I'm working in a java web application that should not allow a user to open it in 2 different tabs, and I'm using session cookies for that. It seems to work fine in most scenarios, but the problem is that the cookies are not cleared when the browsers exits. This is how I set the cookies: 

String sCookie = "mycookie=true;Path=/;Domain=.mydomain.com;HttpOnly";
        if (!response.containsHeader("Set-Cookie")) {
            response.setHeader("Set-Cookie", sCookie);
        } else {
            response.addHeader("Set-Cookie", sCookie);
        }

As I understand, if I don't specify the Expires field, the cookie should be deleted on browser close. This is how I validate if the cookie exists:

Cookie[] cookies = request.getCookies();
        for (Cookie cookie : cookies) {
            if ("mycookie".equals(cookie.getName()) && Boolean.valueOf(cookie.getValue())) {//some error}}

Is there any problem with this code? meaning, can I set the cookie with response.setHeader and then check it with request.getCookies()? Sometimes I have problems deleting the cookie manually and then when I restart the browser the problem continues.
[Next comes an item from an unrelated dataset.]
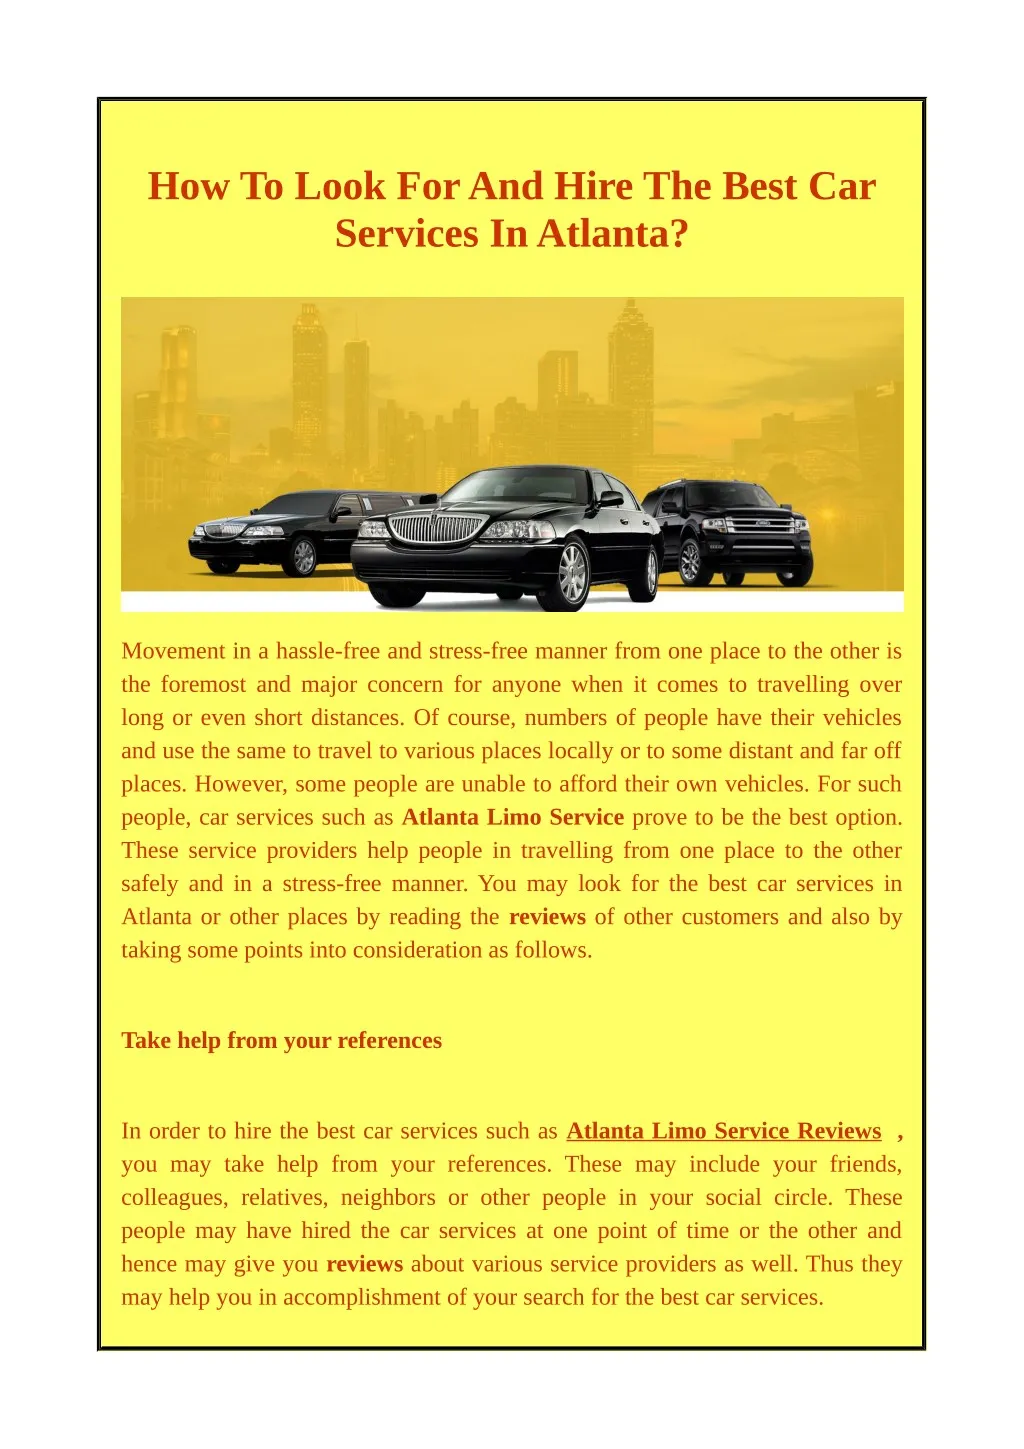 how to look for and hire the best car services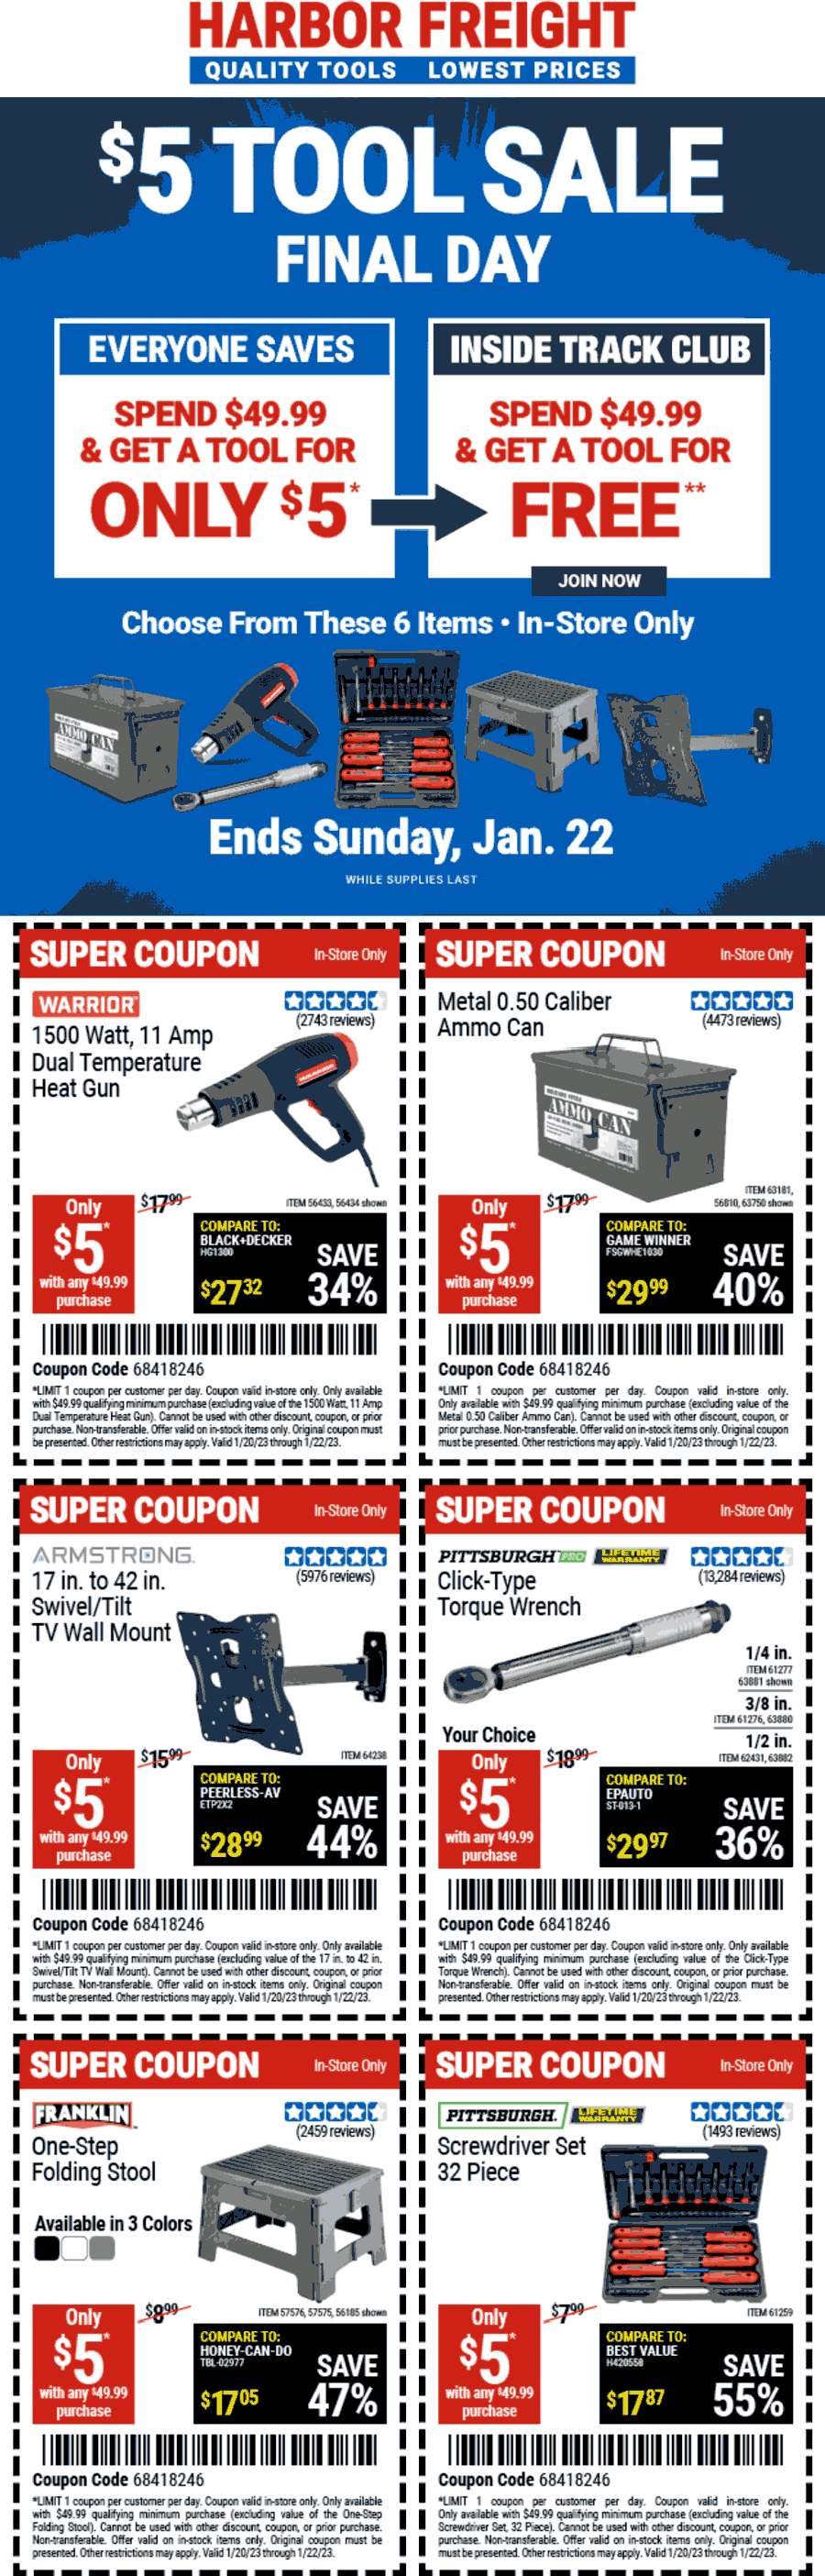 Harbor Freight stores Coupon  Various $5 tools today at Harbor Freight Tools #harborfreight

This is how I manually delete the cookie (on tab close):

String sCookie = "mycookie=;Path=/;Domain=.mydomain.com;HttpOnly";
        if (!response.containsHeader("Set-Cookie")) {
            response.setHeader("Set-Cookie", sCookie);
        } else {
            response.addHeader("Set-Cookie", sCookie);
        }

Thanks in advance
UPDATE
This is how I create the cookie:

Cookie c = new Cookie("mycookie","true");
        c.setDomain(".mydomain.com");
        c.setPath("/");
        c.setValue("true");
        response.addCookie(c);


This is how I delete the cookie:

for (Cookie c : request.getCookies()) {
            if ("mycookie".equals(c.getName())) {
                c.setMaxAge(0);
                c.setValue("");
            }
        }


But still not working. Actually, now the cookie is not deleted when I close the tab (this was working fine in my previous version with "Set-Cookie" :S).Another detail is that I'm not seeing my cookie in the Resources tab of Chrome's developer tools

maxivis
  • 1,727
  • 3
  • 21
  • 35
  • Are You using Chrome by any chance? – Maurice Perry Apr 16 '15 at 15:22
  • Hi @MauricePerry, yes, I'm testing with Chrome, Internet Explorer 10 and Firefox – maxivis Apr 16 '15 at 15:25
  • Here is a post that might help: http://stackoverflow.com/questions/10617954/chrome-doesnt-delete-session-cookies – Maurice Perry Apr 16 '15 at 15:35
  • have you tried `c.setDomain("");` ? – Jordi Castilla Apr 16 '15 at 15:54
  • mmm should not be the same domain specified in the creation @JordiCastilla? – maxivis Apr 16 '15 at 15:56
  • i mean in the moment of "delete" the cookie, also, cookie not deleted when closing tab is normal in the [setMaxAge()](https://tomcat.apache.org/tomcat-7.0-doc/servletapi/javax/servlet/http/Cookie.html#setMaxAge%28int%29) *Returns the maximum age of the cookie, specified in seconds, By default, -1 indicating the cookie will persist until browser shutdown.* – Jordi Castilla Apr 16 '15 at 15:56
  • I'm starting to think that @MauricePerry is right, because I've made another test on Internet Explorer and worked "almost" fine (I just had to try a couple of times, but the cookies were deleted)... I'll make a little more test and research – maxivis Apr 16 '15 at 16:17

2 Answers2

1

As a general hint, you'd better use the response.addCookie(..) method and possibly use Cookie.setMaxAge(-1).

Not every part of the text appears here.